Bringing Rural Tribal Voices to Washington

Heather JohnsonBreaking News, Featured, Happenings Around UIHS, Leadership

Recently, the United Indian Health Services (UIHS) Board of Directors & Executive Leadership traveled to Washington, D.C. with the California Rural Indian Health Board (CRIHB) in their annual March on Washington advocacy trip.  Our purpose was clear: to ensure that the voices of our rural Tribal communities are heard where federal healthcare decisions are made.

For many people, healthcare policy can feel distant and abstract. But for our communities, federal funding decisions are personal. They determine whether an elder can see a specialist, whether a clinic can keep vaccines refrigerated during a wildfire-related power outage, and whether a young family can access lifesaving care close to home.

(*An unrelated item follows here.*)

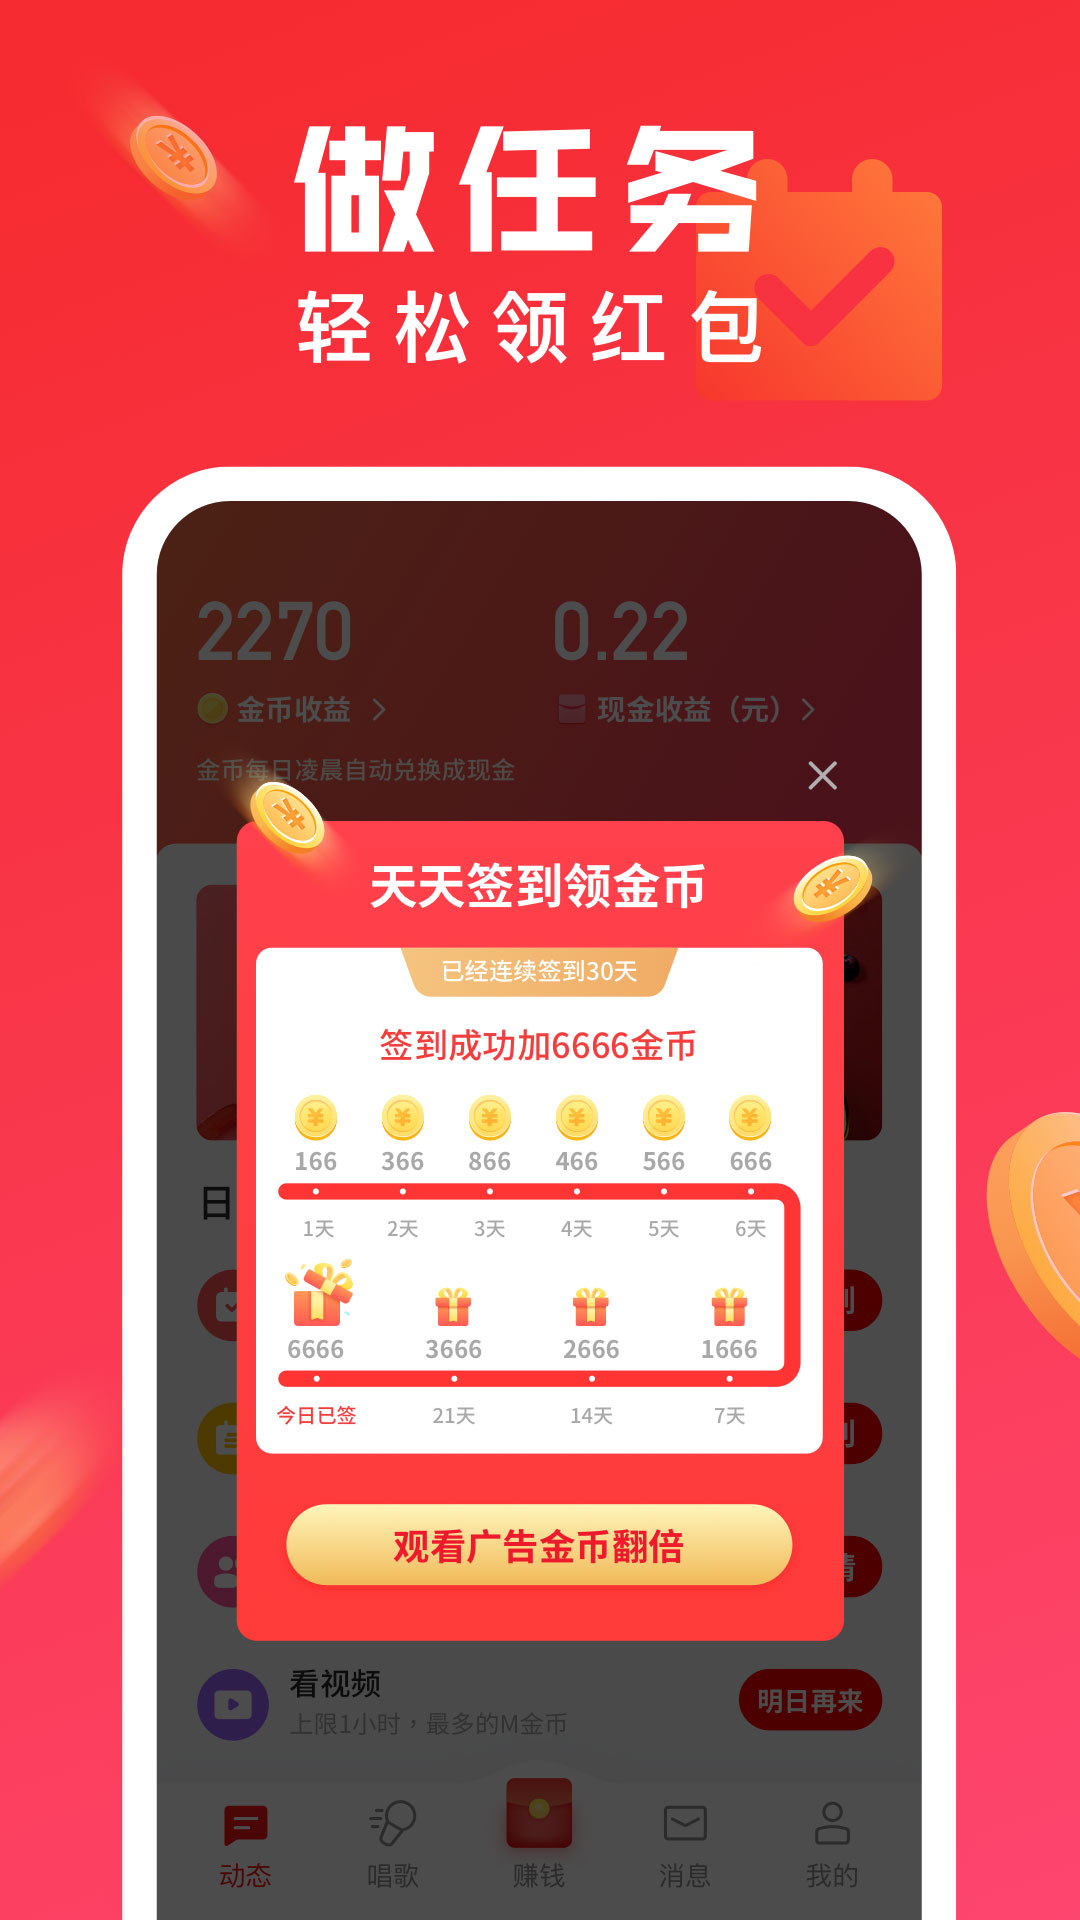 全民K歌极速版app 7.7.30.2817.7.30.281
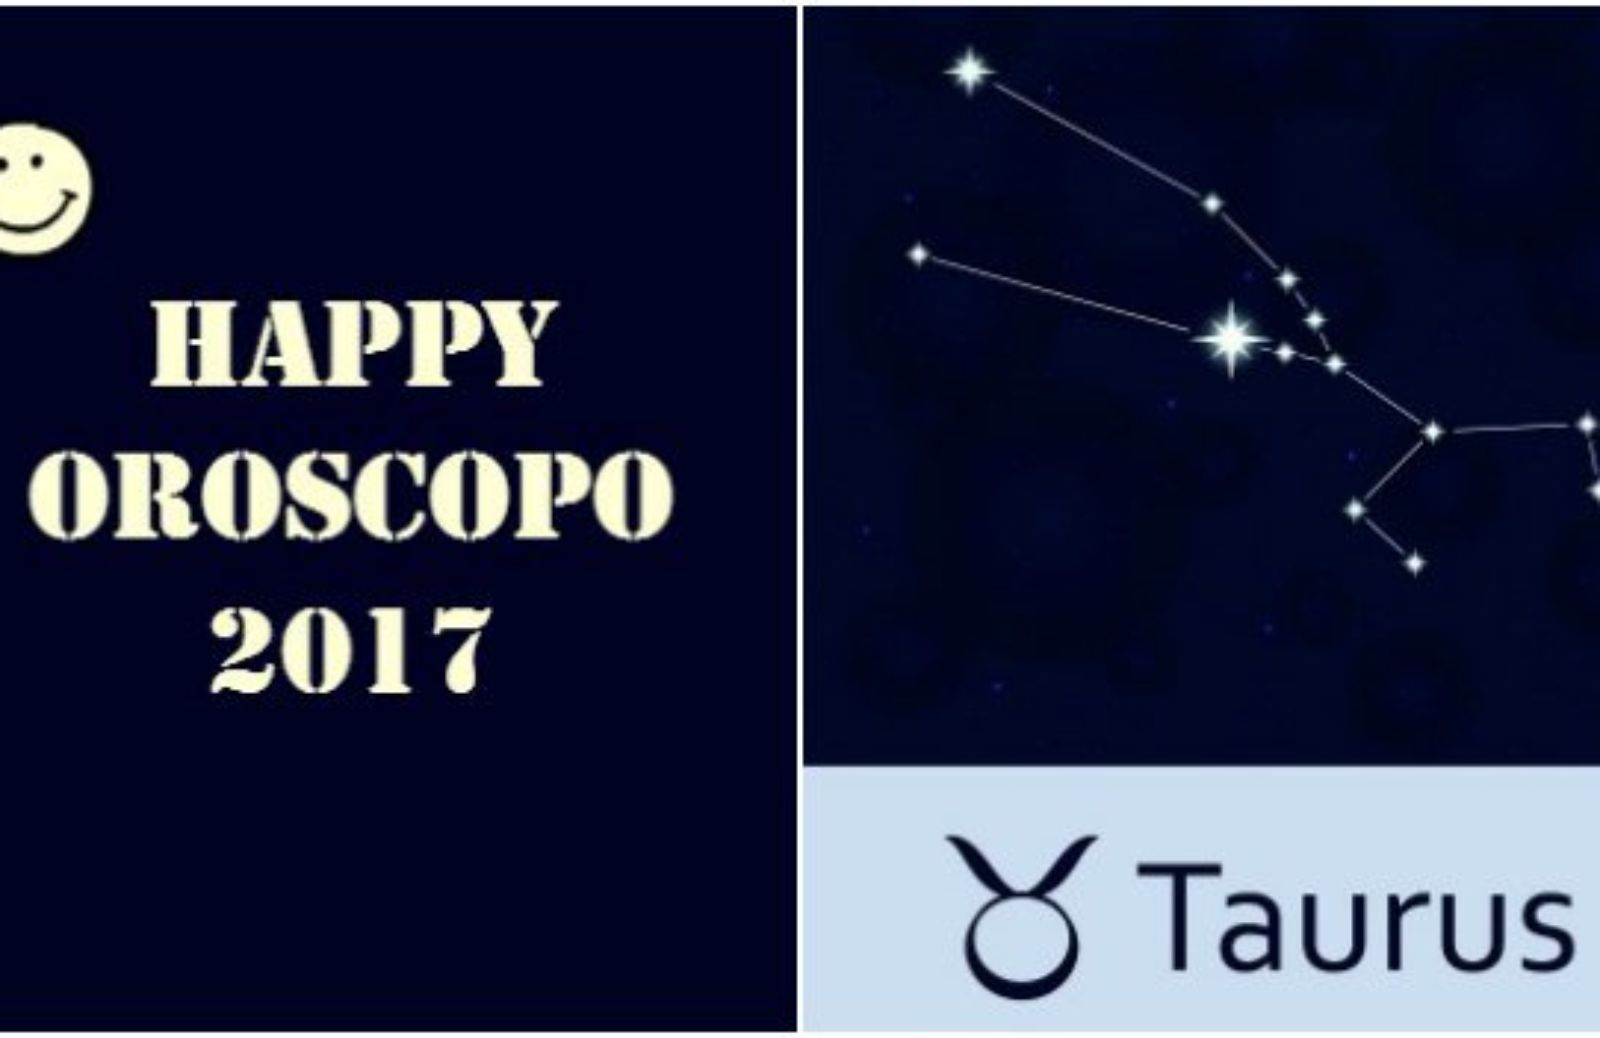 Happy Oroscopo 2017: il segno del Toro

One of our primary discussions focused on Purchased and Referred Care (PRC) funding.  California is unique among Indian Health Service (IHS) regions because we do not have IHS hospitals.  That means our clinics must rely heavily on outside specialists for services such as oncology, cardiology, dialysis, and other critical treatments.  When PRC funds run out, patients are left facing delayed care, medical debt, or going without treatment altogether.  We advocated for increased funding to address this ongoing shortfall and to bring greater equity to the California region.

We also addressed the severe workforce shortages impacting rural Tribal health programs.  While California is often perceived as a place providers are eager to work, the reality in our most rural areas is very different.  Many clinicians come for short-term loan repayment commitments and leave after a few years.  This forces us to hire locum tenens (temporary providers) who work at UIHS for 3-6 months on average.  This creates instability, disrupts continuity of care, and places emotional strain on patients who must repeatedly retell their medical history to new providers.  Long-term workforce development and support for Native students entering healthcare fields remain critical priorities.

Another important topic was disaster preparedness. With wildfires and planned power shutoffs becoming more frequent, many Tribal health clinics remain vulnerable without adequate backup generators. Power outages threaten vaccines, medications, and essential medical equipment.  Clinics often serve as community hubs during emergencies, providing clean air, refrigeration for medications, and charging stations for medical devices.  Investing in infrastructure like emergency generators is not just a healthcare issue – it is a public safety investment.

We also called attention to longstanding funding disparities in the California Indian Health Service region. Historical court decisions have acknowledged underfunding, yet meaningful correction has not followed.  We urged support for further federal review and analysis to ensure equitable distribution of healthcare resources across regions.


Left to right:  Laura Borden,  LaWanda Green, 
Liz Lara-O’Rourke, Charlene Storr, 
Dr. Joe Giovannetti, Heather Johnson

In addition, we advocated for long-term stability of the Special Diabetes Program for Indians (SDPI), a highly successful program that has significantly reduced diabetes-related kidney failure in Native communities.  In recent years, the program has shifted from multi-year to single-year funding extensions, creating uncertainty for providers and patients alike.  Restoring longer authorization cycles would provide the stability needed to continue progress in combating chronic disease.

Beyond policy, what stood out most during our time in Washington was the importance of relationships.  Effective advocacy requires preparation, clarity, and persistence.  It requires pairing data with real stories from our communities.  It requires understanding that staff members play a critical role in shaping legislative decisions.  This requires returning year after year to continue the conversation.

We also shared strength and resilience within our communities – our work in food sovereignty, traditional healing practices, and culturally grounded health education.  These initiatives demonstrate that while we advocate for fair federal support, we are also actively building solutions at home.  

The journey to Washington reaffirmed that federal decisions directly impact the health and well-being of our Tribal community.  Advocacy is not a one-time event; it is an ongoing commitment to protecting access to care for elders, families, and future generations. Our rural voices matter and we will continue bringing them to the national table.